### Task brief
Would you return the data exactly as given, except for its pictures?

### Data extract
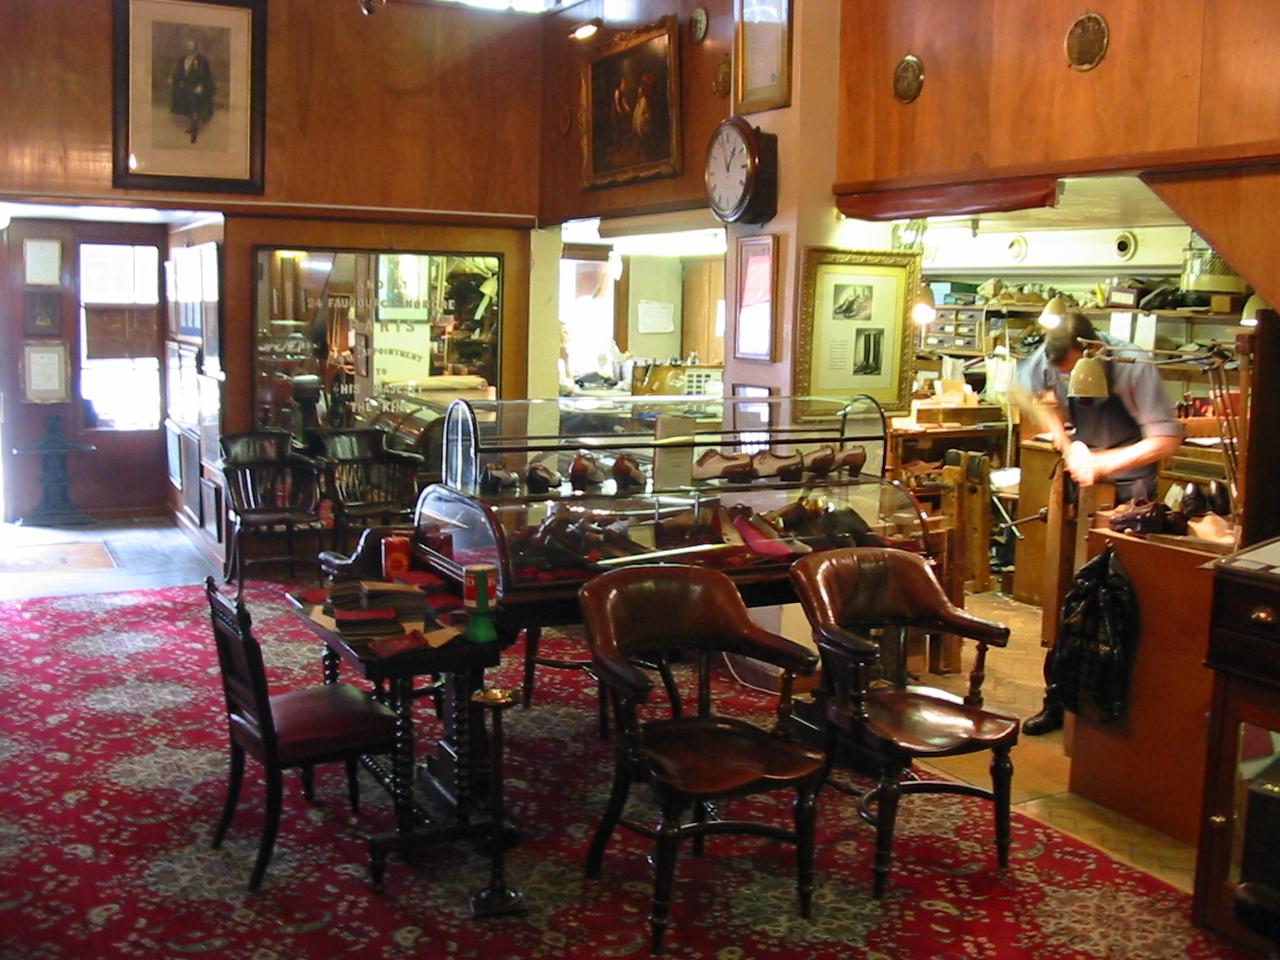 John Lobb Shoes >> File:Shop interior of John Lobb, bespoke shoe and ...
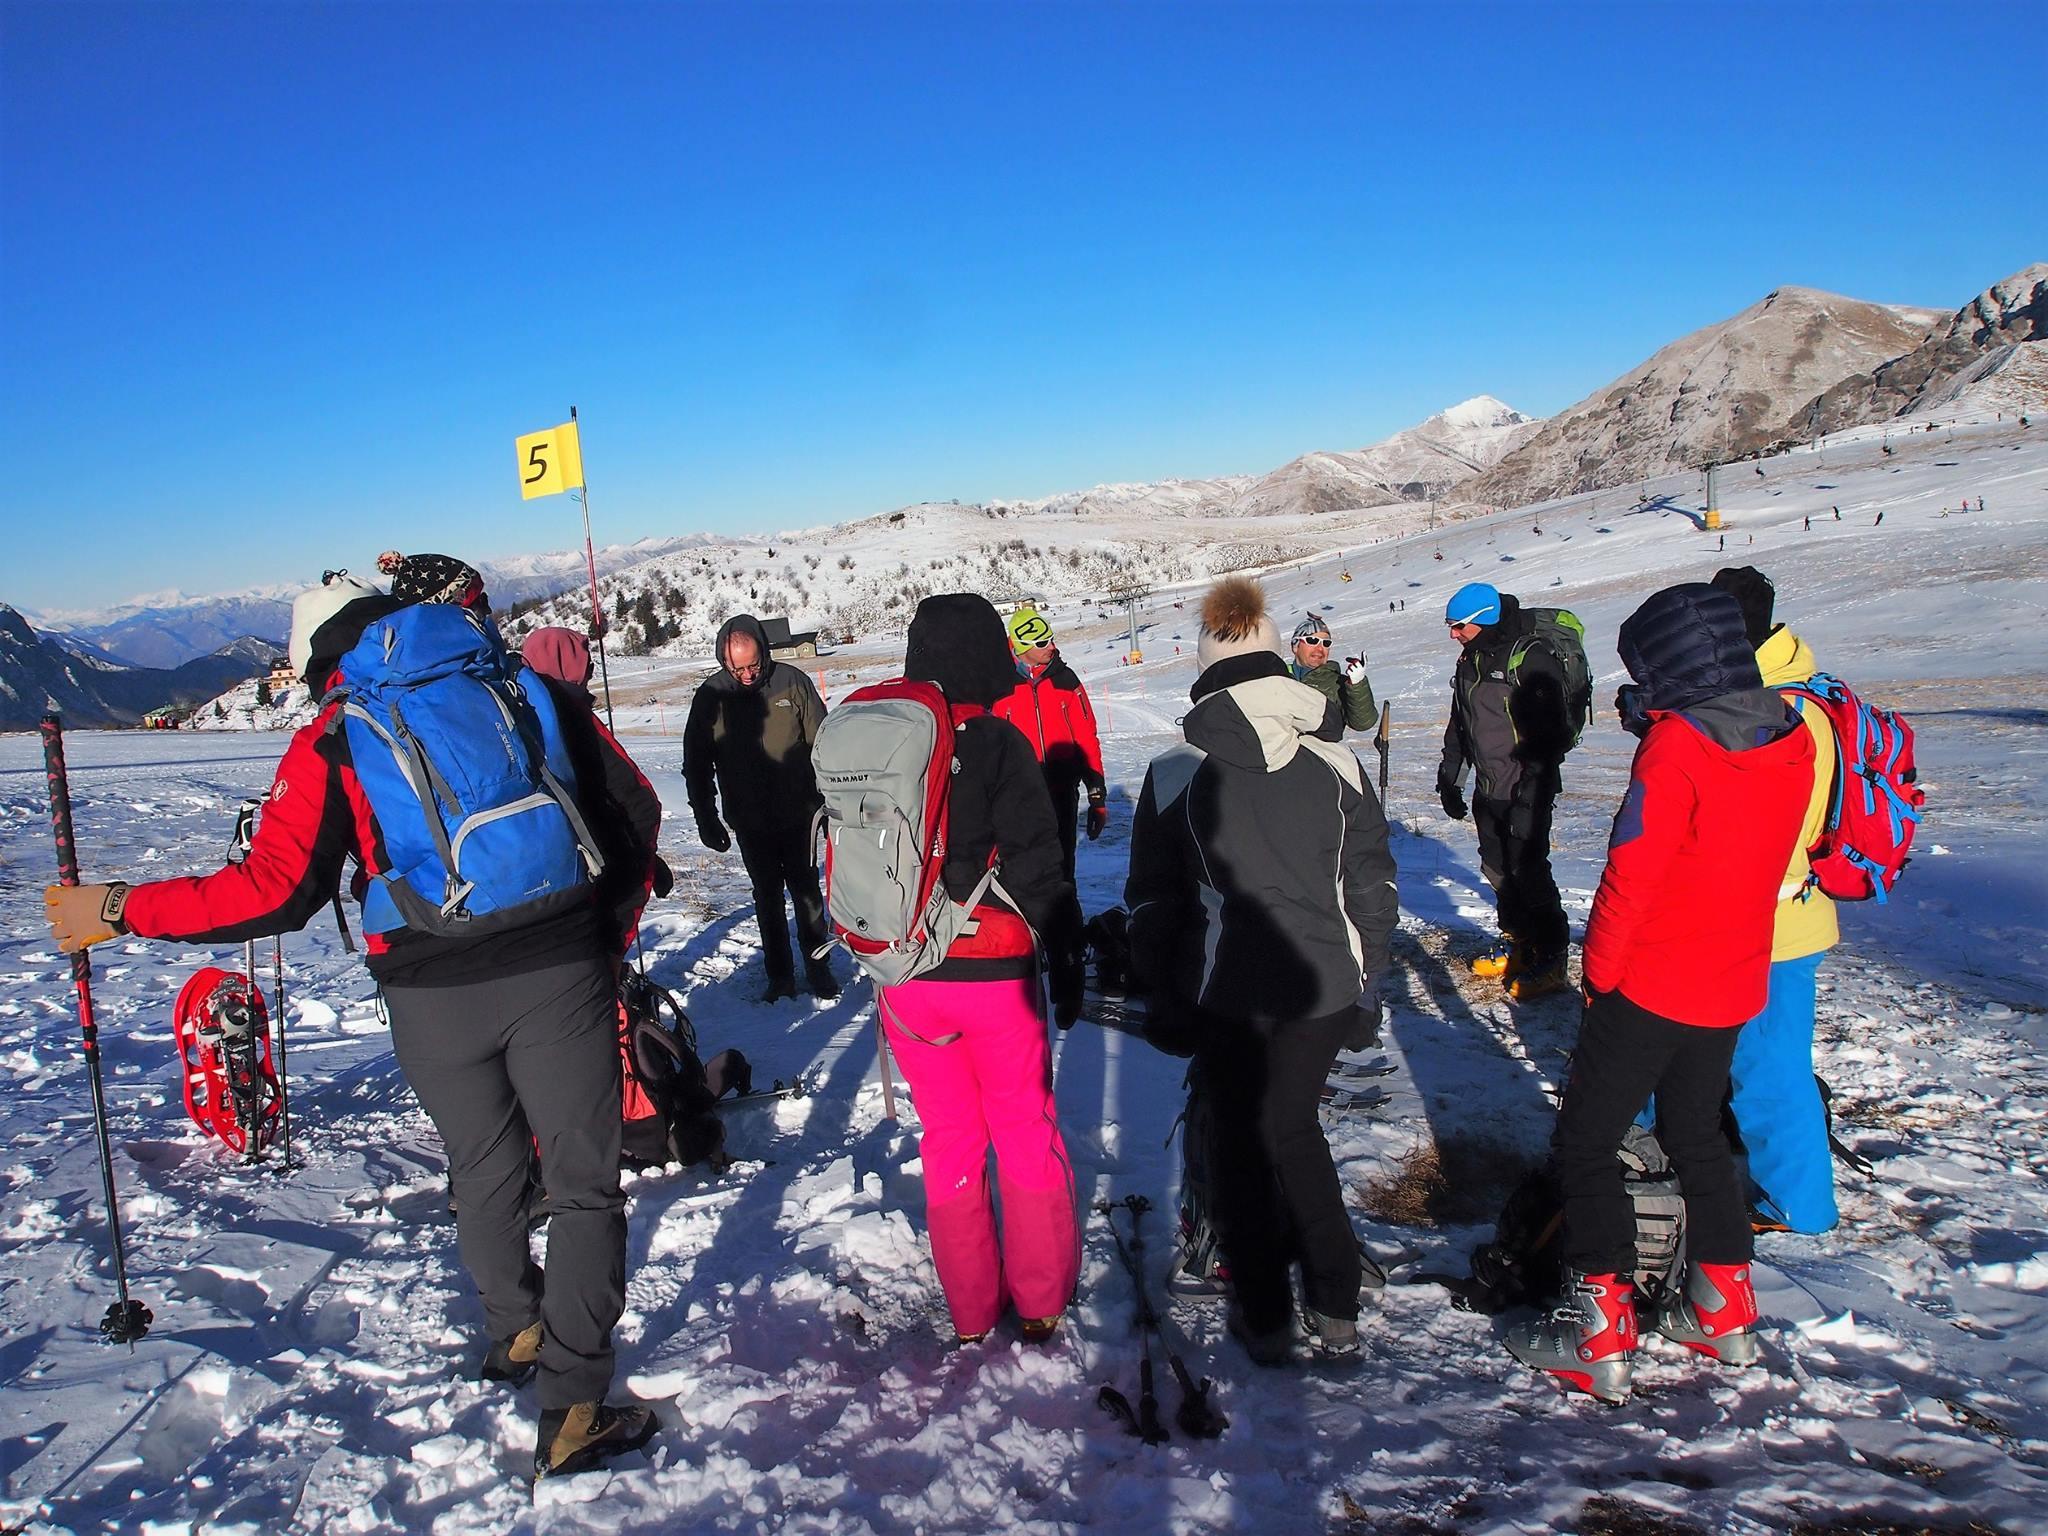 sicuri con la neve incidenti in montagna veneto cosa fare in veneto montagna veneta asiago altopiano dolomiti sciare in veneto
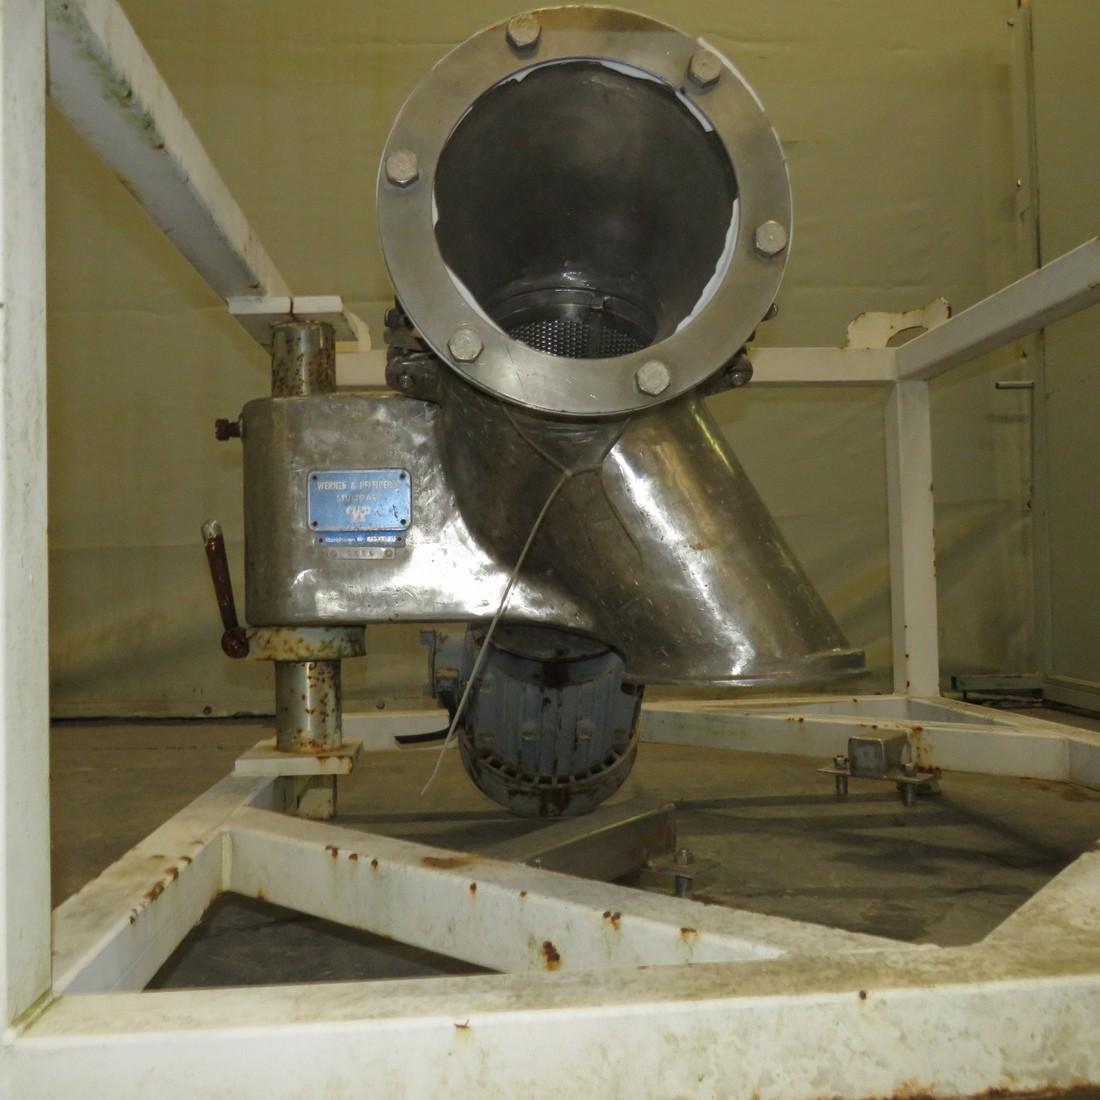 R6BZ8838 Stainless steel WERNER ET PFLEIDERER Mill
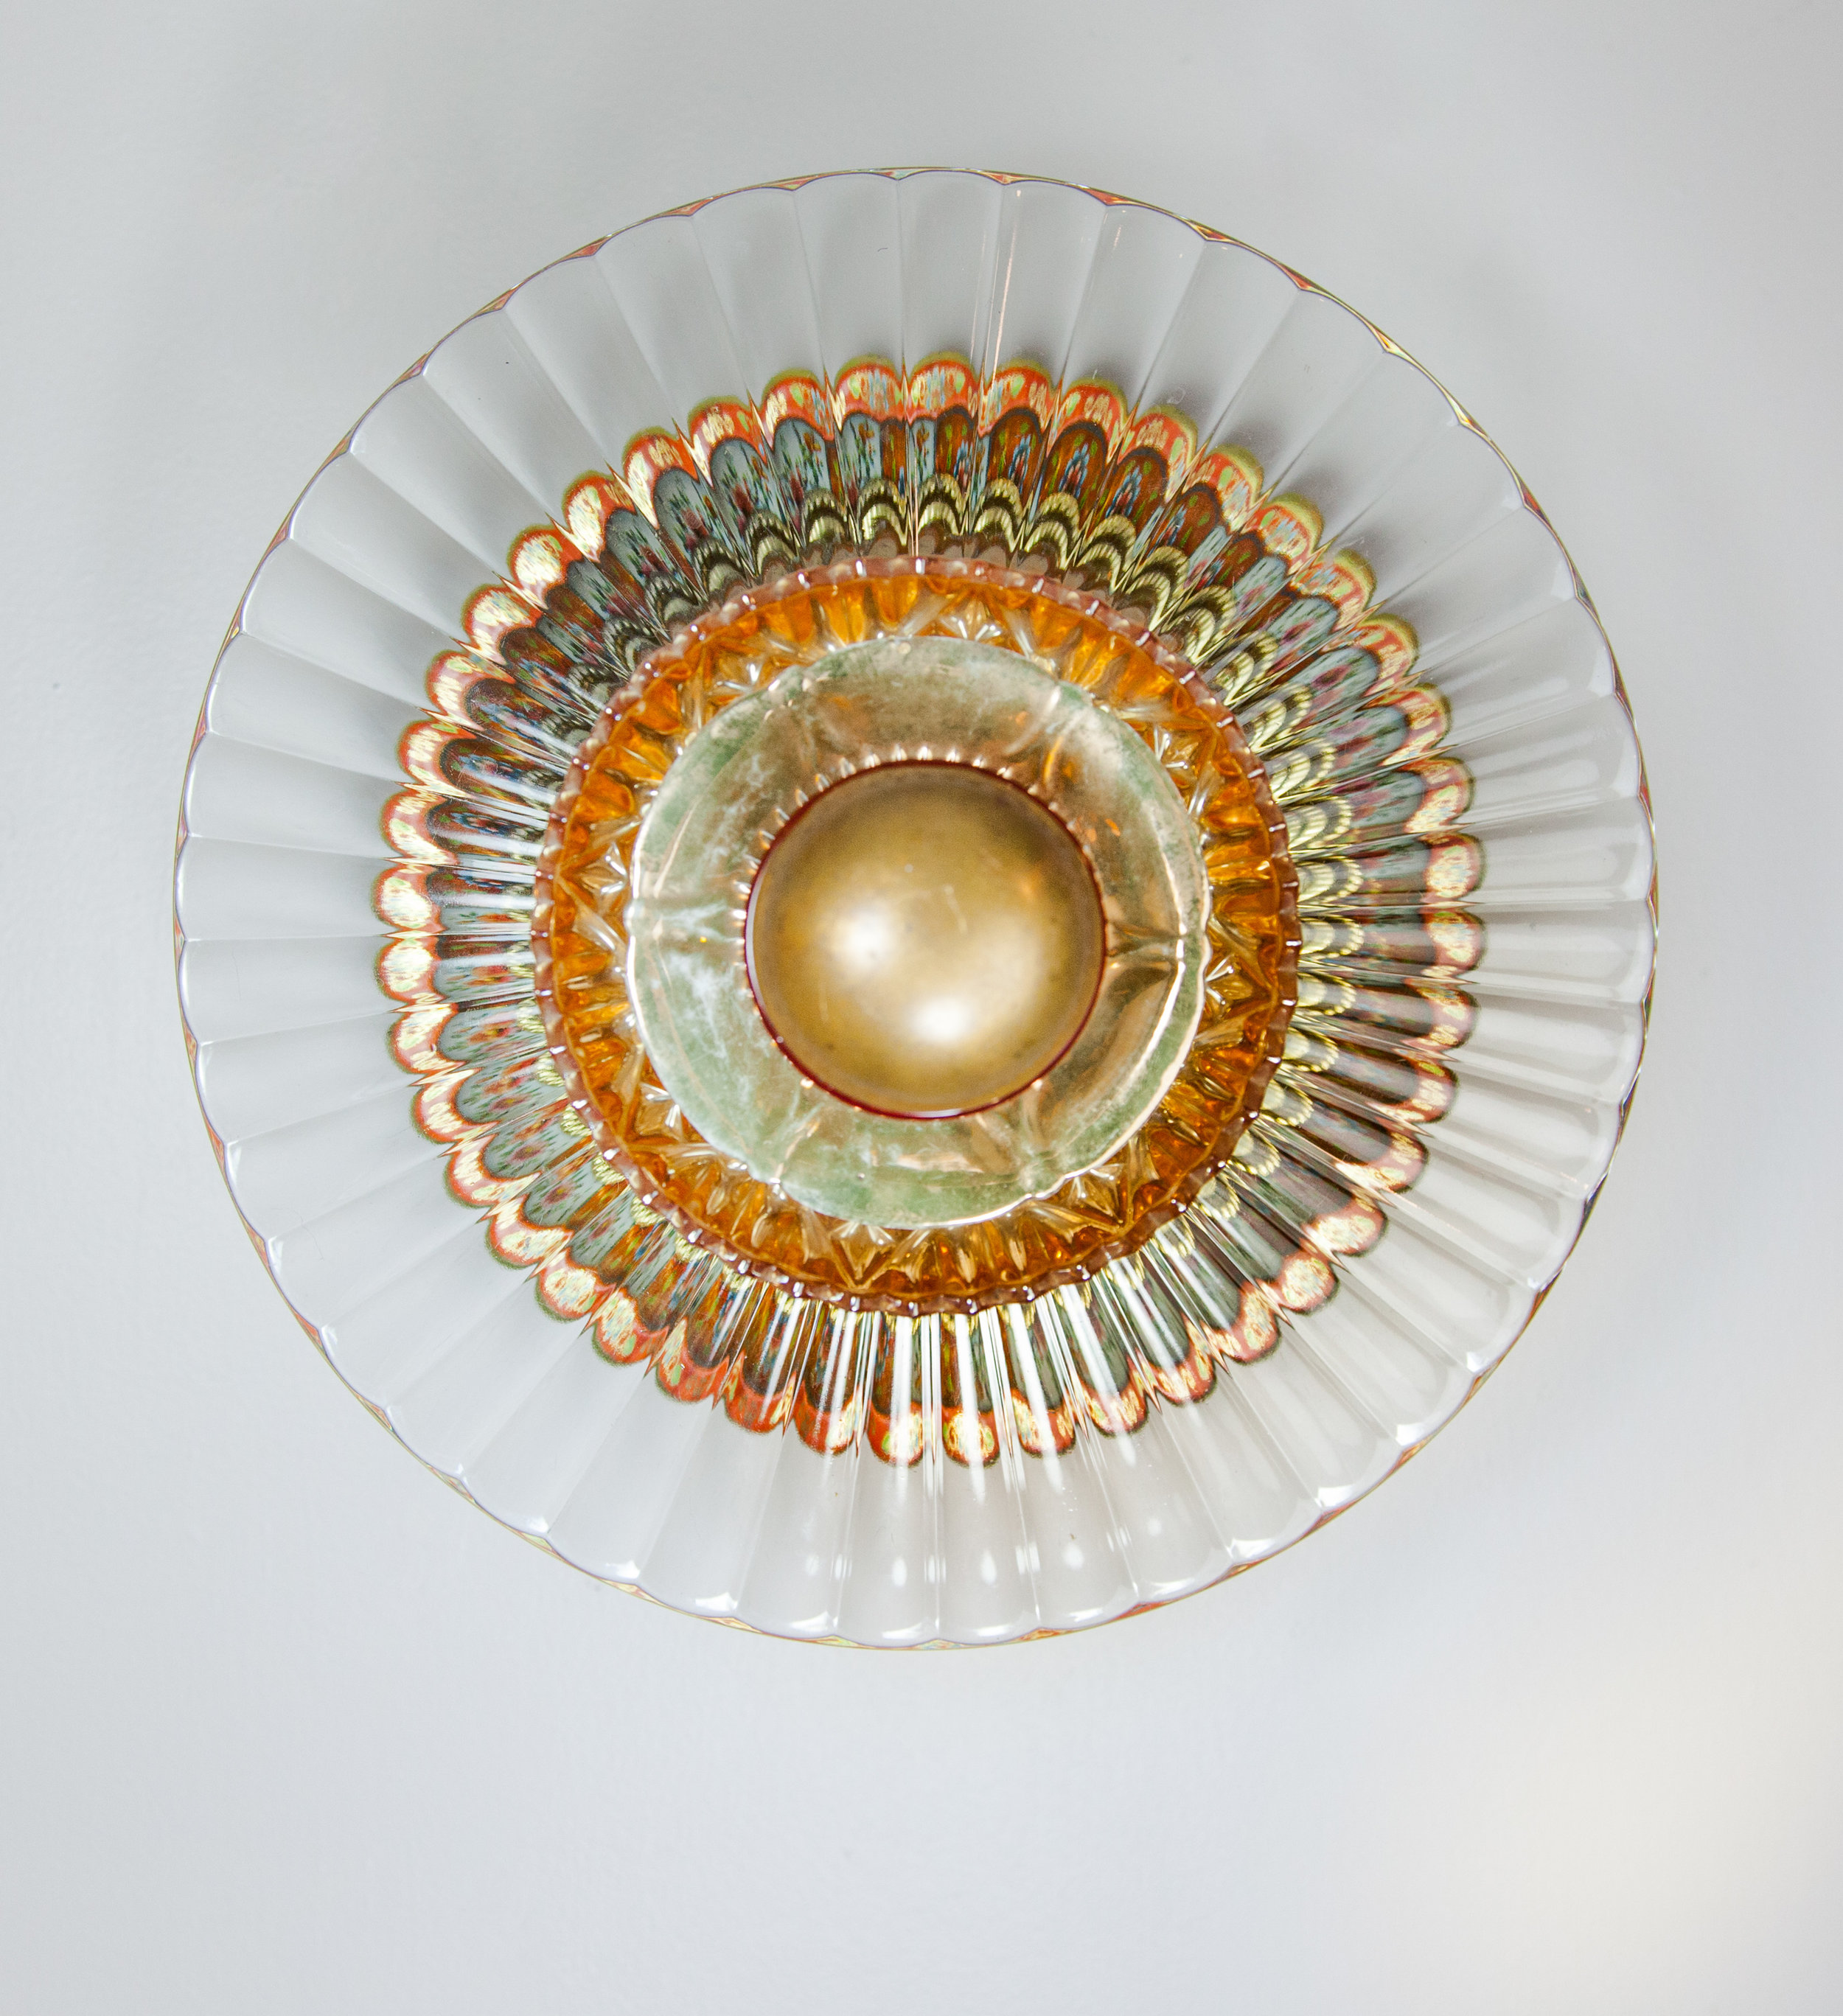 Occhi, 2017 domestic objects, doorknob, steel, 12 x 12 x 11 1/4 inches

### Output for this task
 John Lobb Shoes >> File:Shop interior of John Lobb, bespoke shoe and ...
 sicuri con la neve incidenti in montagna veneto cosa fare in veneto montagna veneta asiago altopiano dolomiti sciare in veneto
 R6BZ8838 Stainless steel WERNER ET PFLEIDERER Mill
 Occhi, 2017 domestic objects, doorknob, steel, 12 x 12 x 11 1/4 inches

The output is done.